Lately I’ve been using the command line more and more at work. Normally when I work with API’s for data that needs to be imported to BigQuery, I’ll use Google Apps Script. I thought that working with the Shopify API would be a fun way of experimenting with doing this through the command line.
Calling the API is as simple as doing a curl
statement with your parameters
included. When I was working through this solution to begin with, I knew that
creating a json file that was formatted in BigQuery’s new line delimited format
might be an issue. Luckily, there’s an open source solution called
JQ
on Github that you can use. JQ
is like
sed for JSON data and makes parsing JSON super easy. With a simple -c
statement, you can easily create a new line delimited json file. From there you
can traverse through your code to find the items you need, using a command
like '.results[]'
.
From there you can set up a cronjob that calls the api every minute and gets
the most recent updated file. For me since BigQuery is append only, I just
called the API with an updated_at
parameter and append everything to the
dataset.
Also, the Shopify feed is 483 different nested and repeated key:value pairs in the JSON feed. That means you’ll end up with 483 columns in your table. I took me a while to hand code the entire JSON format for the data, but I would hate for someone to have to do that again, so I’m sharing it with you.

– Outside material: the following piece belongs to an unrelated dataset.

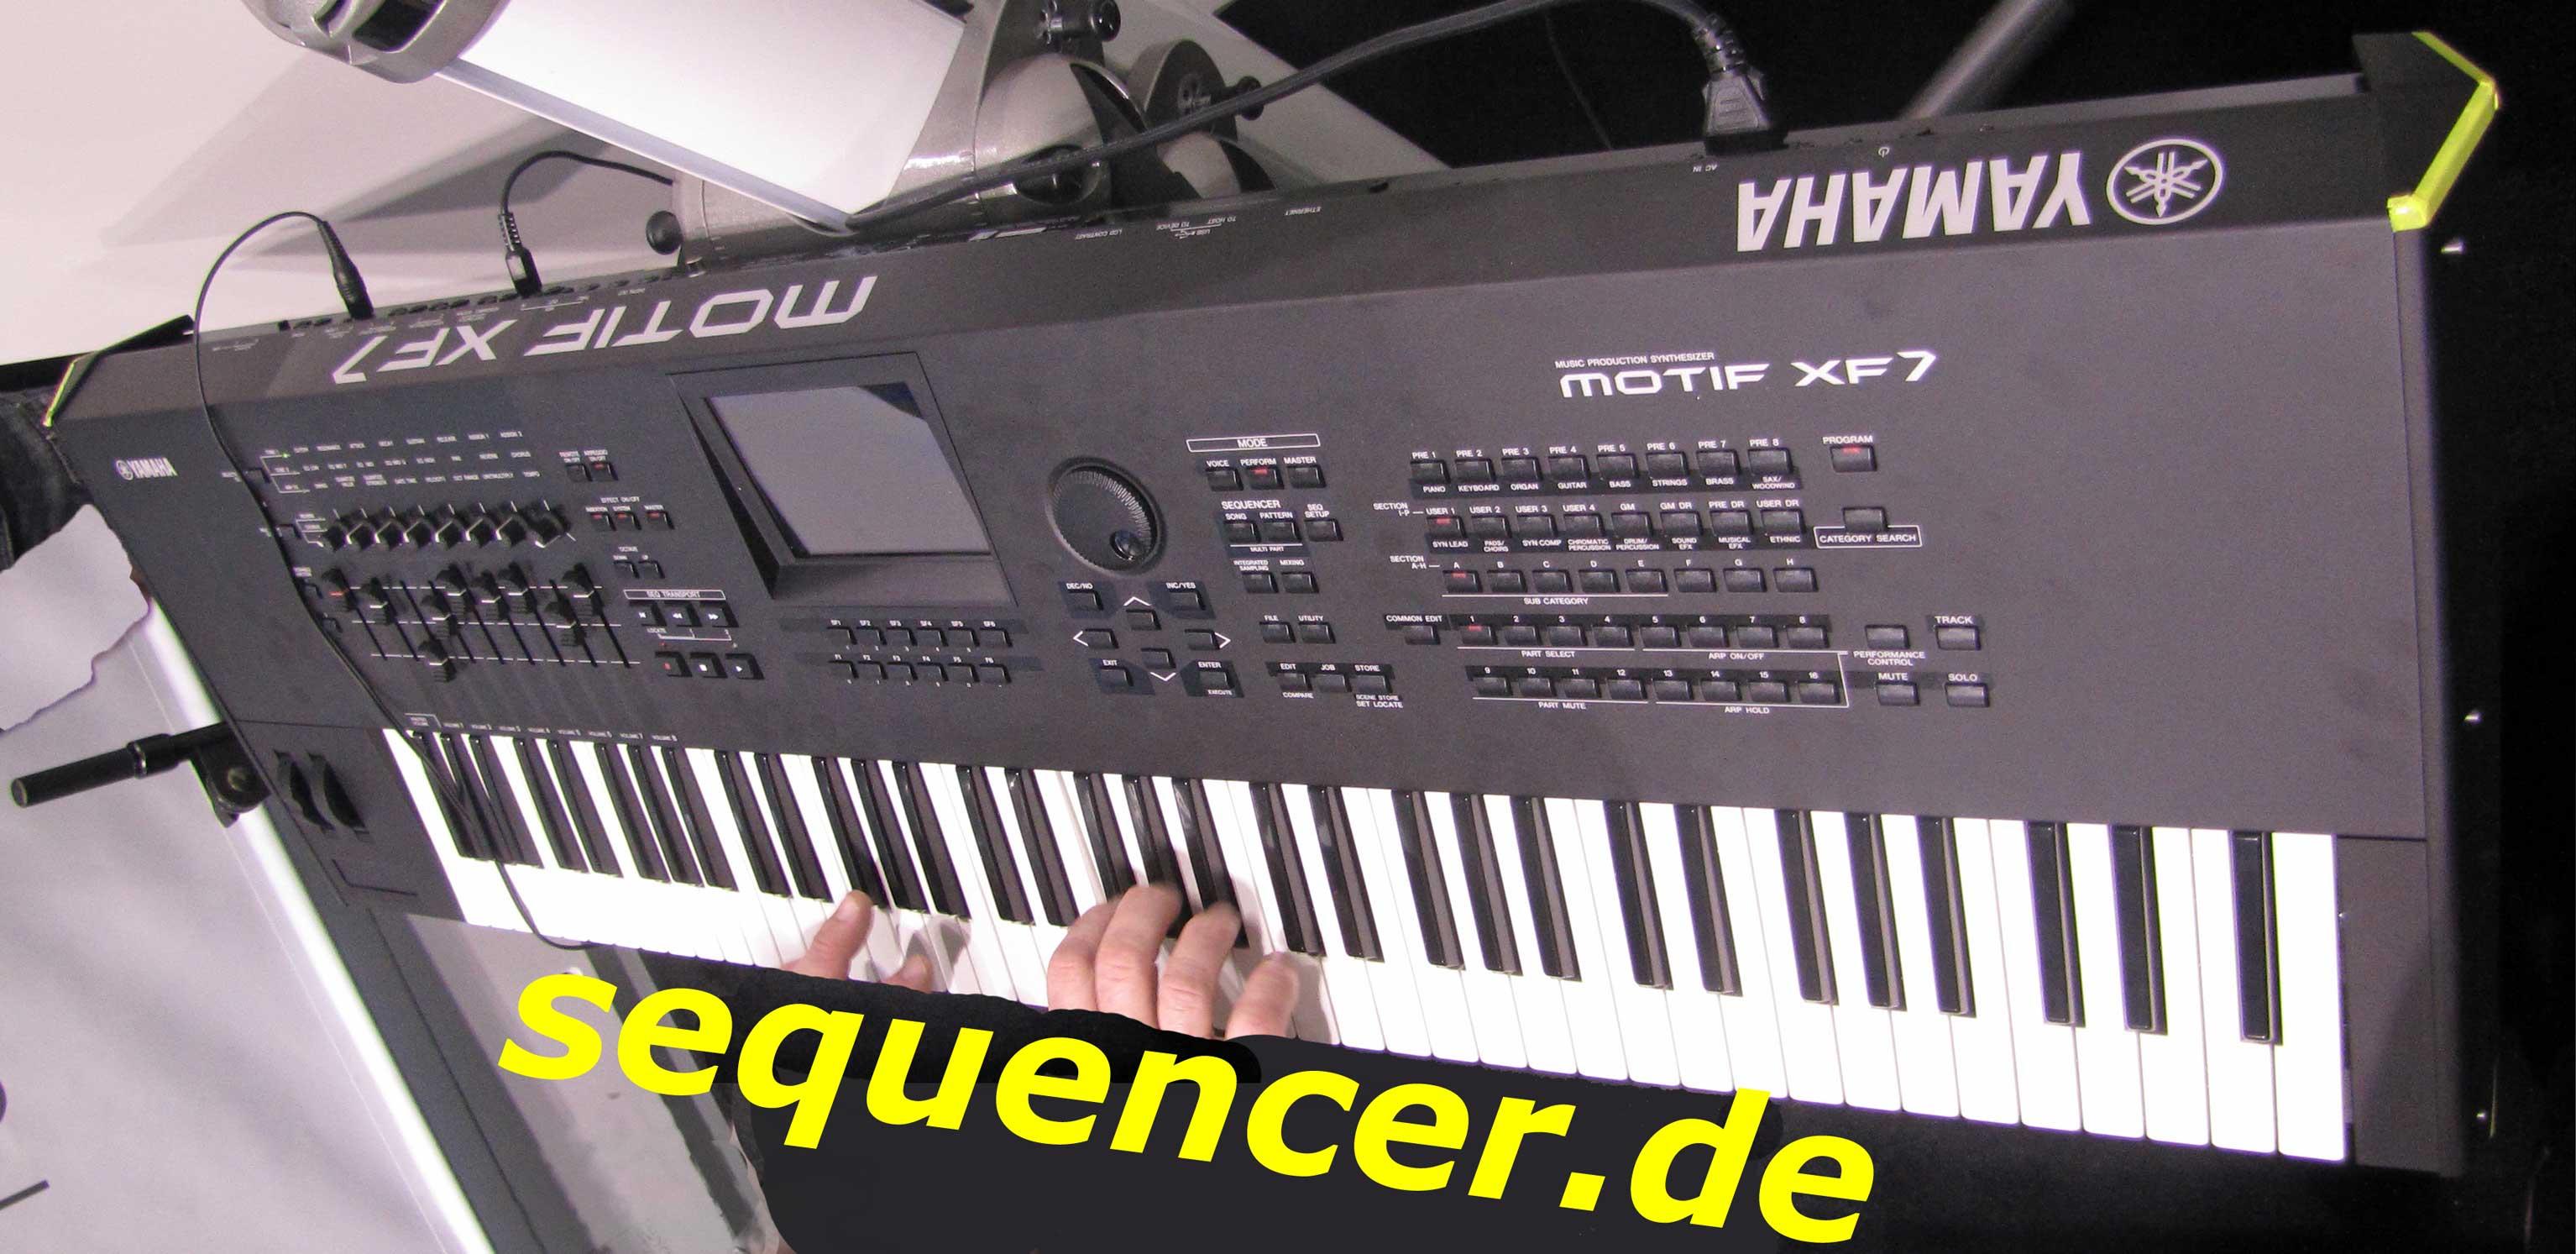 Yamaha Motif XF6, Motif XF7, Motif XF8 synthesizer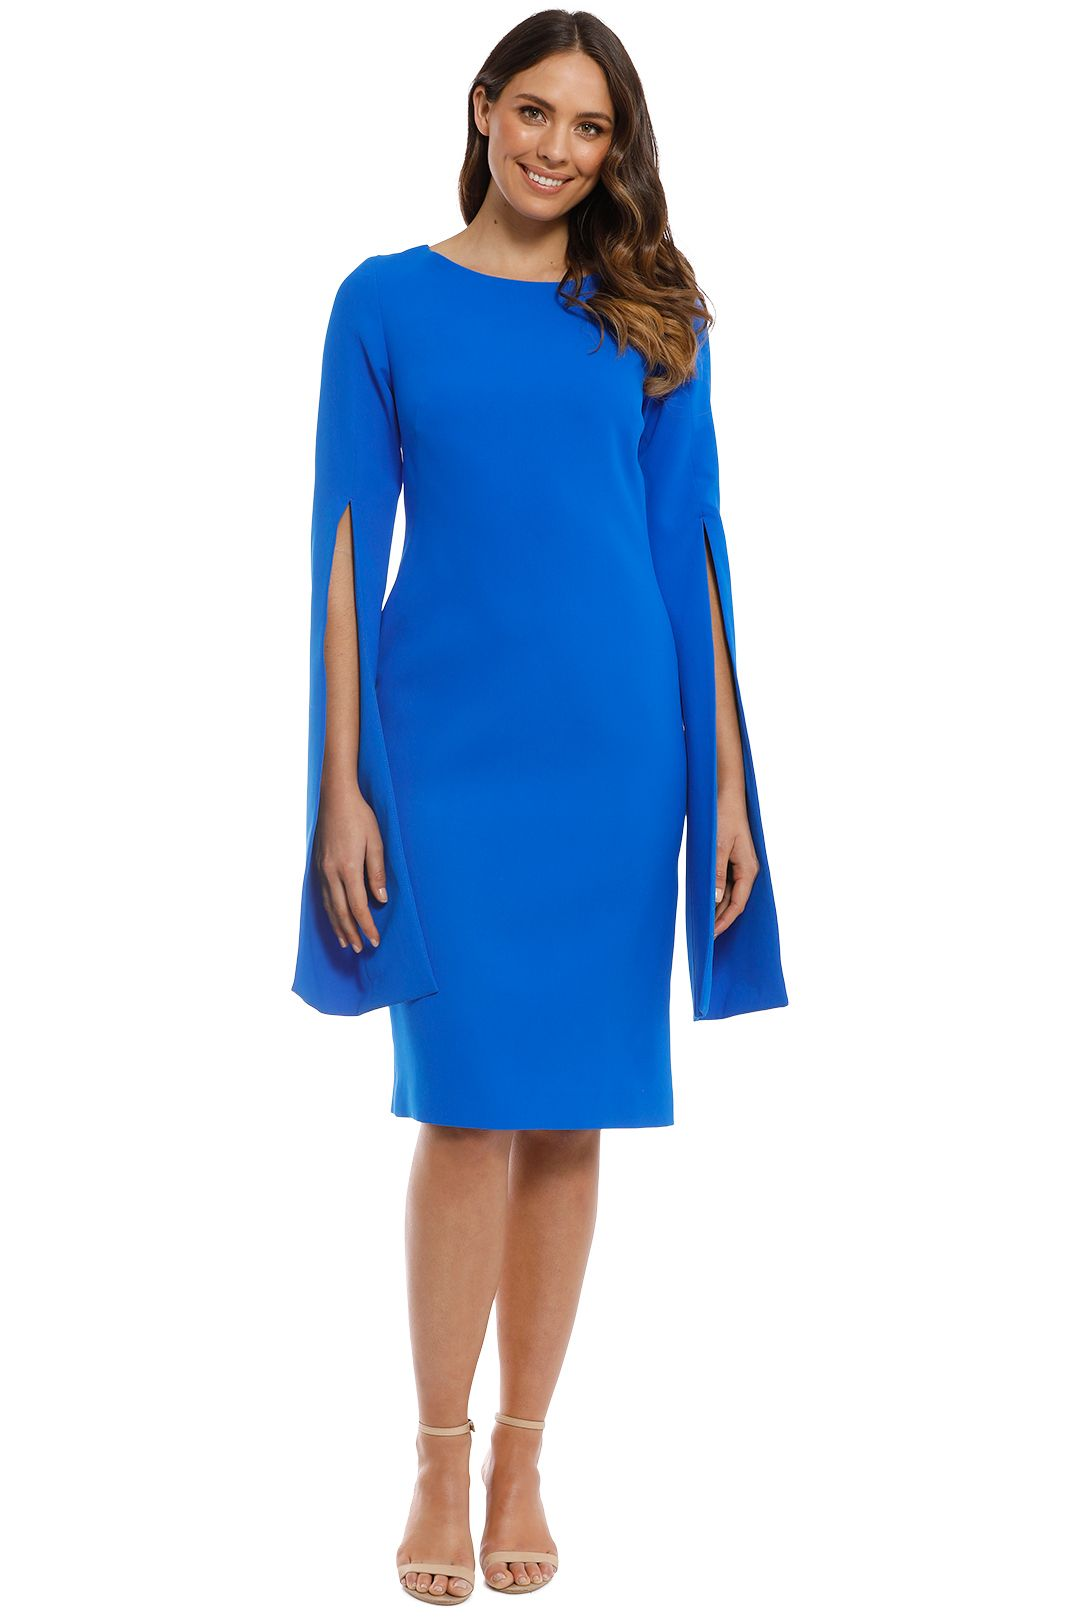 Trelise Cooper - Up Your Sleeve Dress - Cobalt - Front

The example code below is designed to run every minute. If the file will be
written with the current iso8601 timestamp such as 2016-11-11T09:30:00Z.json
.
Each time the script runs, if the file size is greater than zero, it sends a
copy to Google Cloud Storage and then uploads the results to Google BigQuery.
If the file size is equal to zero, then the script will stop.
If you want to use the code, you can find the code here for importing shopify data into Google BigQuery.
If you want to use this code yourself, you need to make sure that you have the Google Cloud SDK on your local system or run your code on a small Google Compute Engine Instance.